Stimulation Of the Left Ventricular Endocardium for Cardiac Resynchronization Therapy in Non-Responders and Previously Untreatable Patients (SOLVE CRT) (SOLVE CRT)

The safety and scientific validity of this study is the responsibility of the study sponsor and investigators. Listing a study does not mean it has been evaluated by the U.S. Federal Government. Know the risks and potential benefits of clinical studies and talk to your health care provider before participating. Read our disclaimer for details. Identifier: NCT02922036
Recruitment Status : Recruiting
First Posted : October 3, 2016
Last Update Posted : December 13, 2018
Information provided by (Responsible Party):
EBR Systems, Inc.

Brief Summary:
This study is a prospective, multi-center, randomized, controlled, double blinded, pivotal trial to study the safety and efficacy of the WiSE-LV System for Cardiac Re-synchronization Therapy.

Condition or disease Intervention/treatment Phase
Heart Failure Device: WiSE System Not Applicable

Detailed Description:
The WiSE-LV System is an implantable cardiac pacing system capable of delivering pacing energy to the left ventricle of the heart without using a pacing lead.

Study Type : Interventional  (Clinical Trial)
Estimated Enrollment : 350 participants
Allocation: Randomized
Intervention Model: Parallel Assignment
Masking: Double (Participant, Outcomes Assessor)
Primary Purpose: Treatment
Official Title: Stimulation Of the Left Ventricular Endocardium for Cardiac Resynchronization Therapy in Non-Responders and Previously Untreatable Patients (SOLVE CRT)
Actual Study Start Date : January 17, 2018
Estimated Primary Completion Date : September 2019
Estimated Study Completion Date : September 2020

Arm Intervention/treatment
Experimental: Treatment
WiSE System therapy ON with Guideline Directed Medical Therapy
Device: WiSE System
The WiSE System is an implantable cardiac system to provide LV pacing stimulation in conjunction with a co-implanted system that provides right ventricular stimulation.

Sham Comparator: Control
WiSE System therapy OFF with Guideline Directed Medical Therapy
Device: WiSE System
The WiSE System is an implantable cardiac system to provide LV pacing stimulation in conjunction with a co-implanted system that provides right ventricular stimulation.

Primary Outcome Measures :
  1. Primary Safety [ Time Frame: 6 Months ]
    Freedom from Procedure and Device System related Type 1 Complications, Includes Electrode related complications such as dislodgement, migration, or malfunction; Vascular related complications that are procedure related (e.g.

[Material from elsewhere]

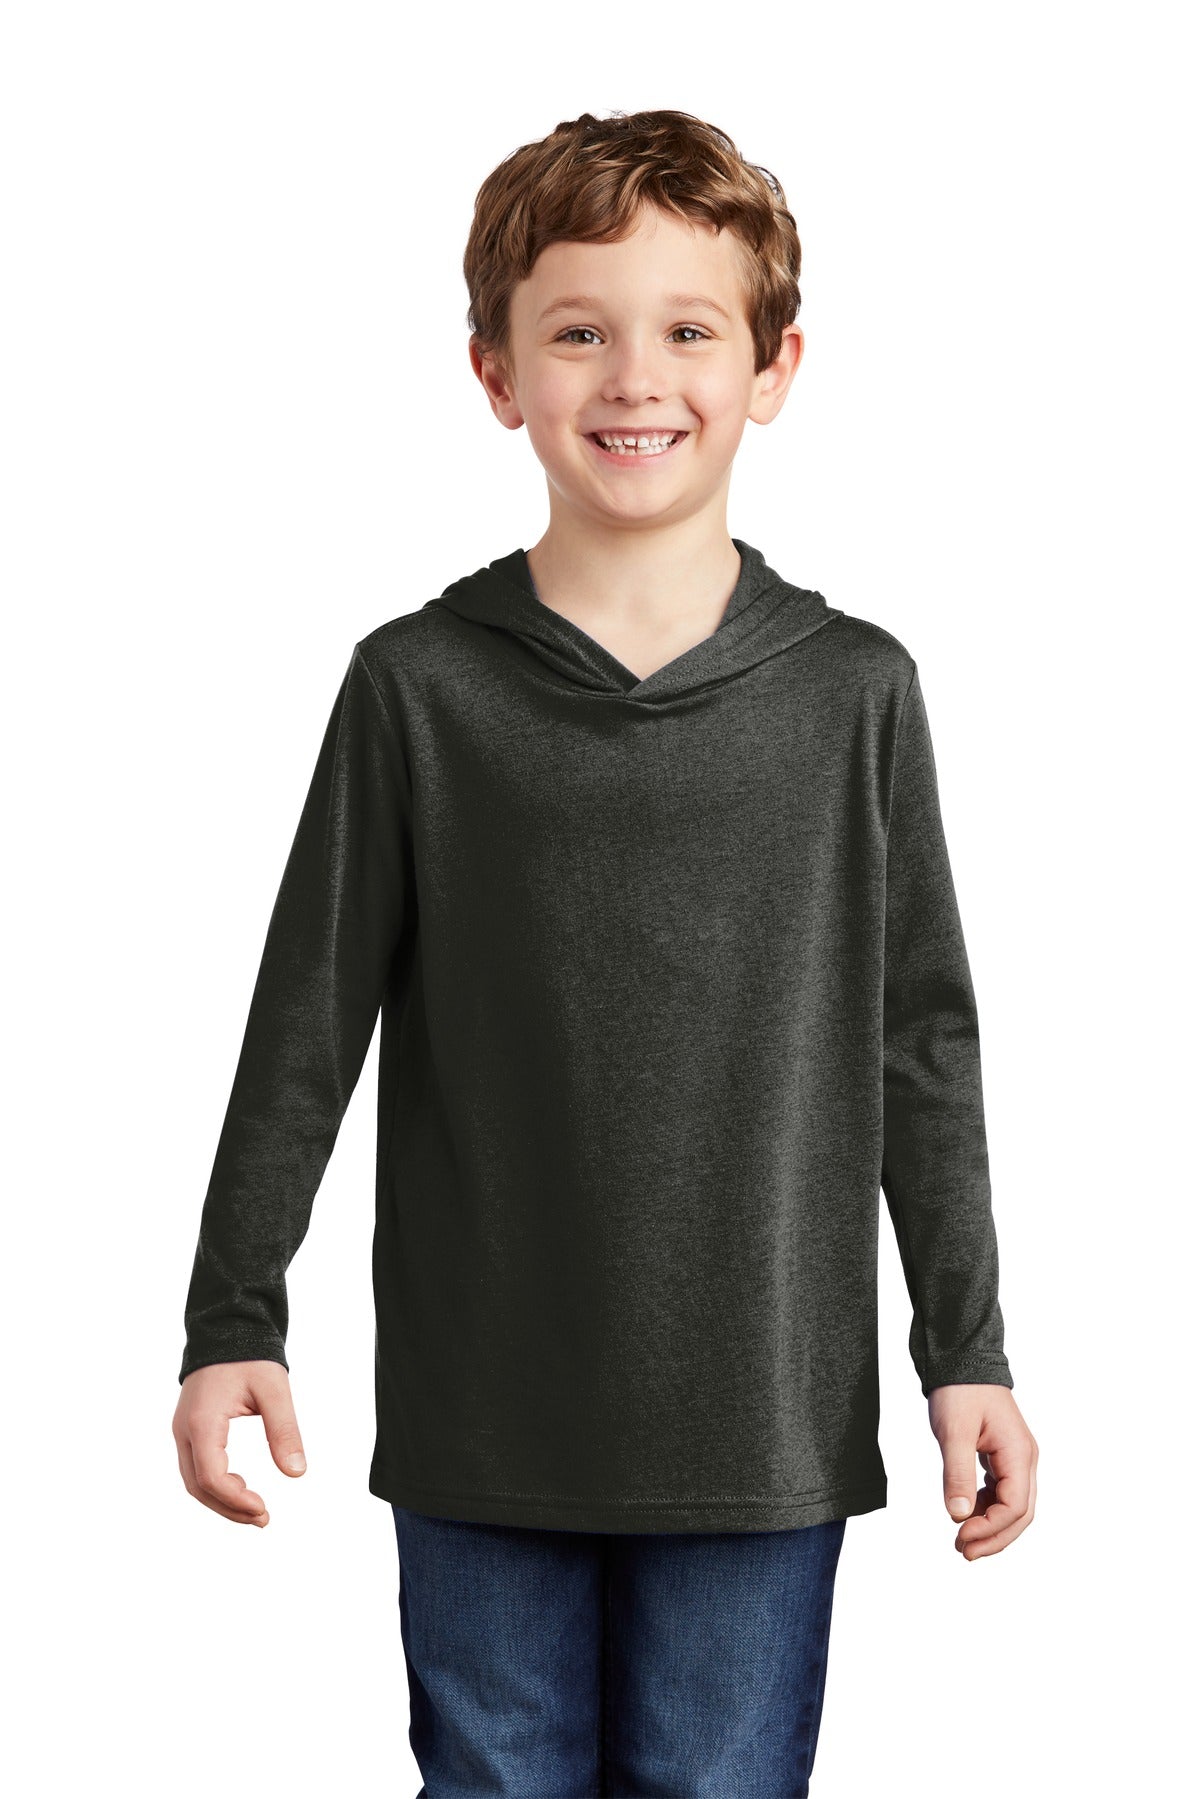 District ® Youth Perfect Tri ® Long Sleeve Hoodie DT139Y - DFW Impression

AV fistula, retroperitoneal bleed, pseudo aneurysm of the femoral artery, and bleeding requiring invasive correction or blood products); Transmitter/Battery pocket complications (e.g. infection, hematoma); and Stroke/TIA

  2. Primary Efficacy 1 [ Time Frame: 6 Months ]
    Mean change in Left Ventricular End Systolic Volume (LVESV) compared between arms (baseline to 6 Months). Measure in mili-liter difference between arms.

  3. Primary Efficacy 2 [ Time Frame: 6 Months ]
    LVESV Distribution Shift, defined as the percentage of subjects with an improvement of greater than 15% in LVESV, compared between arms (baseline to 6 Months)

  4. Primary Efficacy 3 [ Time Frame: 6 Months ]
    Proportion of subjects improved on a clinical composite compared between arms (baseline to 6 Months). Measure of New York Class Association (NYHA), Quality of Life (QOL), Heart Failure (HF) Events and death.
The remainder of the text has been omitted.